- "I don't expect the Fed — I'm not hearing the Fed's going to make any panic move," Kudlow told CNBC on Tuesday.
- Some had suspected that the central bank could lower interest rates in an effort to preempt any slowdown the coronavirus could exact on U.S. GDP growth.
- The reports of spreading infection sent the S&P 500 down 3.4% and the Dow Jones Industrial Average down more than 1,000 points on Monday. The Dow was on track to fall another 700 points, about 2.5%, on Tuesday.
White House National Economic Council Director Larry Kudlow said Tuesday that he doesn't expect the Federal Reserve to cut interest rates in a "panic" move to protect markets from the impact the coronavirus could take on global manufacturing, exports and consumption.
"I don't expect the Fed — I'm not hearing the Fed's going to make any panic move," Kudlow told CNBC on Tuesday. "Apart from the virus, I have said I wouldn't mind seeing my friends at the Fed be a little bolder in their target rate and their balance sheet. I said that before the virus, that's not related to the virus."
Some investors had suspected as recently as Tuesday that the central bank could lower borrowing costs in an effort to preempt any slowdown the coronavirus could exact on U.S. GDP growth or financial markets. The Fed uses interest rates to pump up or slow down the economy by adjusting the amount everyday Americans and businesses pay to borrow money.
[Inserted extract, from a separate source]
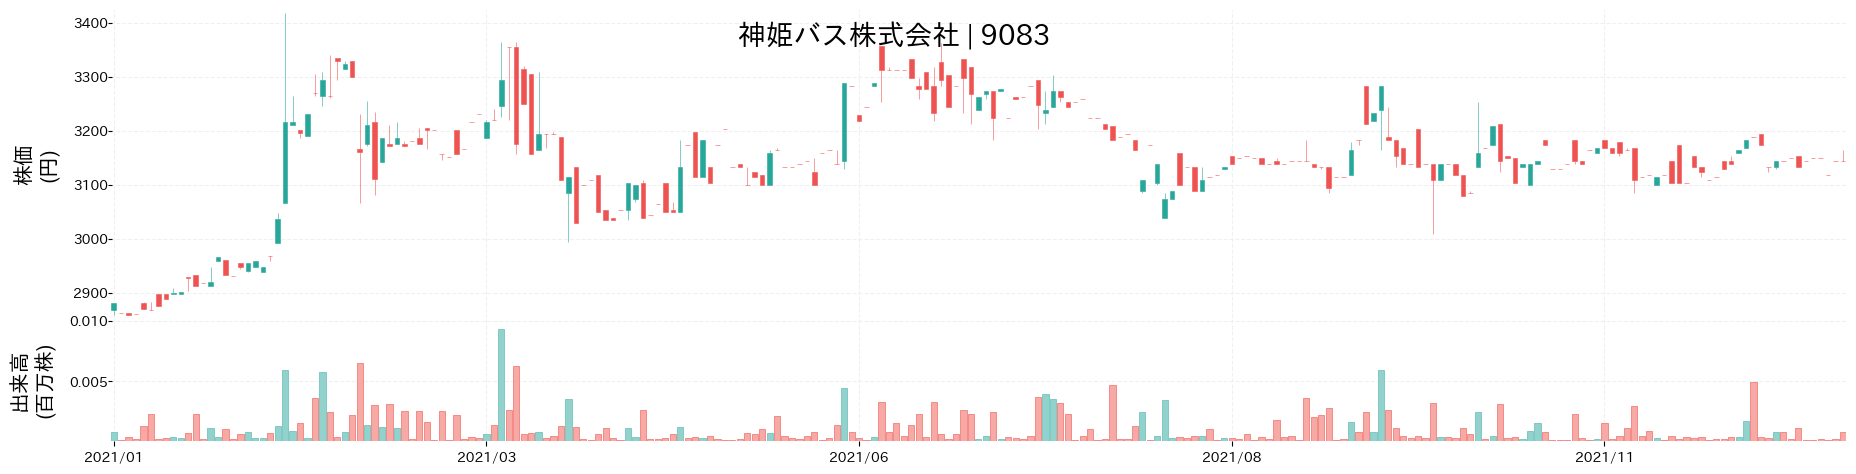 神姫バスの株価推移(2021)
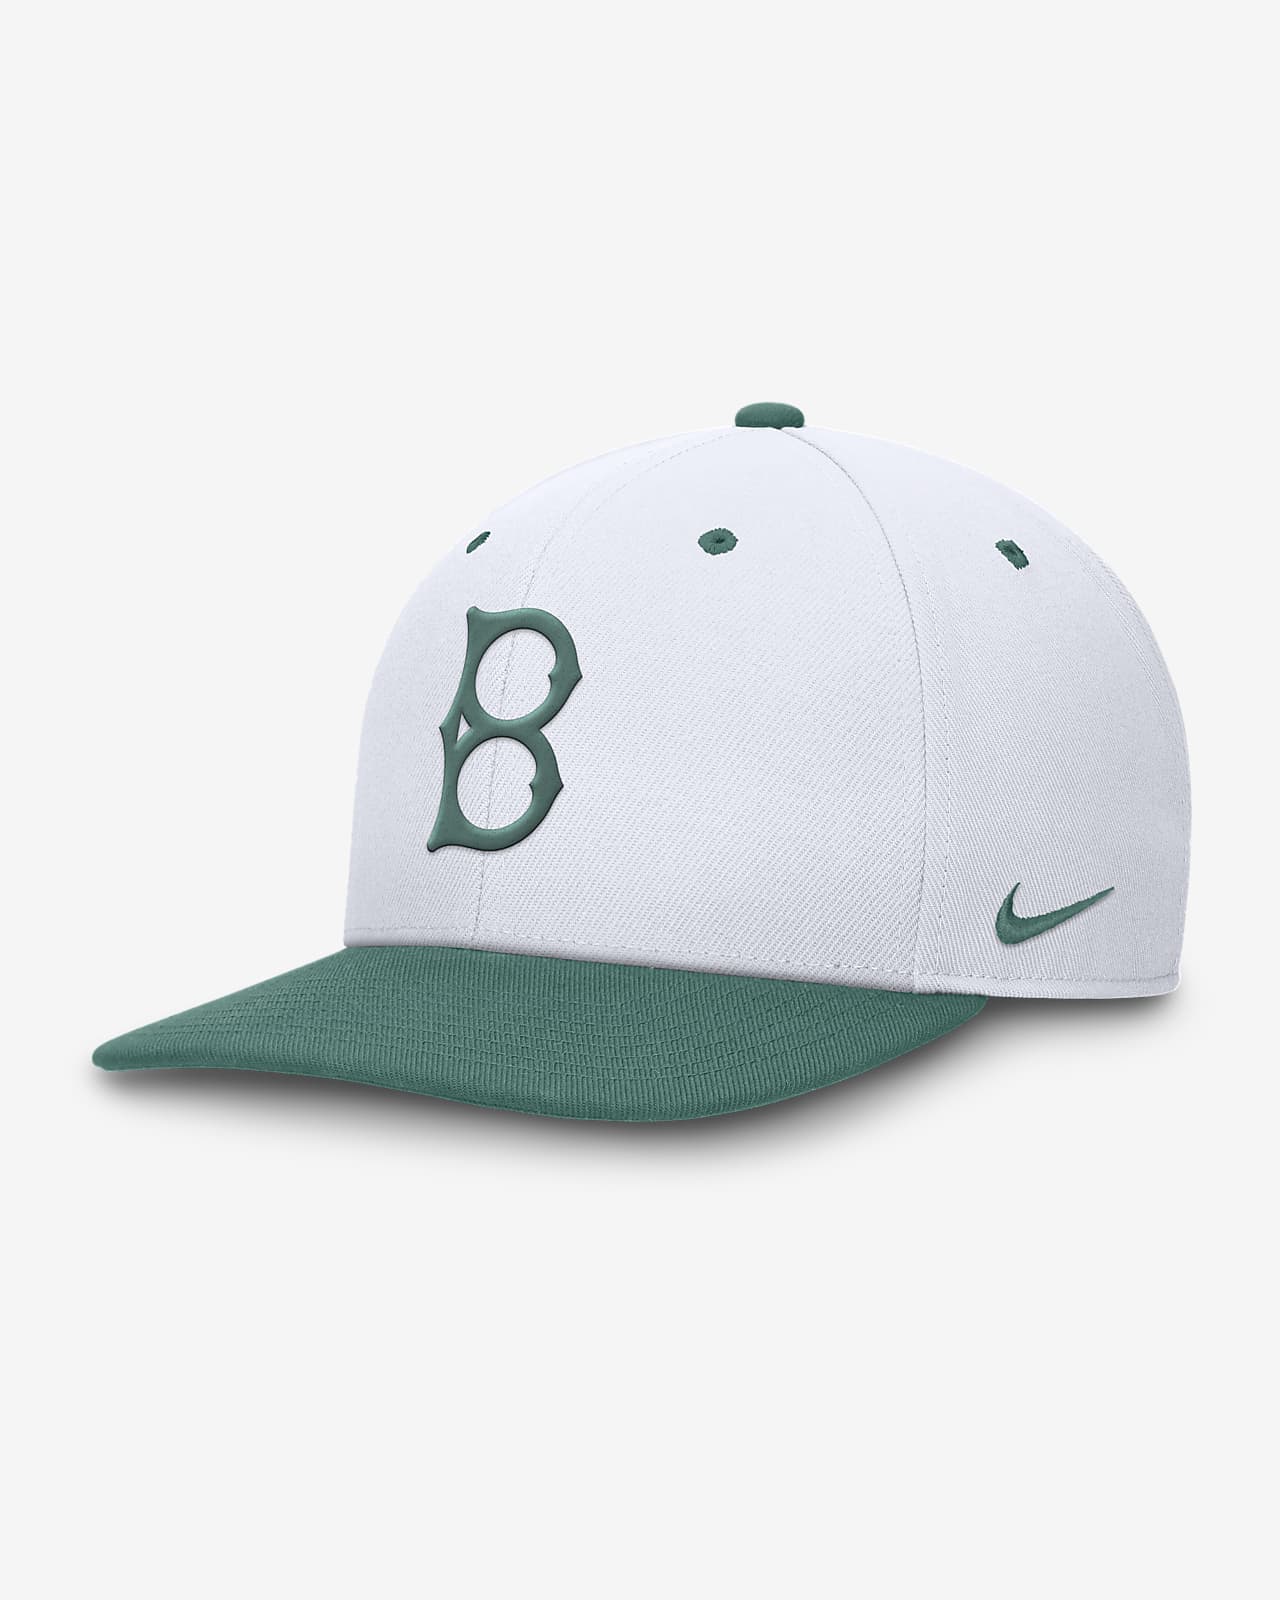 Brooklyn Dodgers Bicoastal 2-Tone Pro Men's Nike Dri-FIT MLB Adjustable Hat

That sentiment flared in Tuesday trading as fears about the coronavirus contagion roiled investors after multiple countries reported a surge of cases over the weekend.
The reports of spreading infection sent the S&P 500 down 3.4% and the Dow Jones Industrial Average down more than 1,000 points on Monday. Each index notched its worst day since February 2018 as investors worried other nations could see the slowdowns in manufacturing, consumption and exports that have dogged China, the virus's epicenter.
The Dow was on track to fall another 700 points, about 2.5%, on Tuesday and the 10-year Treasury note yield hit an all-time low under 1.32%.
"Once the virus spread to Italy, Iran, and South Korea, the fixed income market rightfully saw this as a pandemic that has the potential to be far-reaching, pushing economic growth down, and central banks, specifically the Fed, into the fight by lowering interest rates," Kevin Giddis, a rates strategist at Raymond James, told CNBC.
But Kudlow has long parroted President Donald Trump's call for the Fed to impose easier monetary policy, telling CNBC last year that central bank officials should still add stimulus to the economy despite GDP growth at the time of over 3%.
He said in March that the Fed should "immediately" cut interest rates by 50 basis points.
"I am echoing the president's view — he's not been bashful about that view — he would also like the Fed to cease shrinking its balance sheet. And I concur with that view," Kudlow said at the time.
"Looking at some of the indicators — I mean the economy looks fundamentally quite healthy, we just don't want that threat," he added. "There's no inflation out there, so I think the Fed's actions were probably overdone."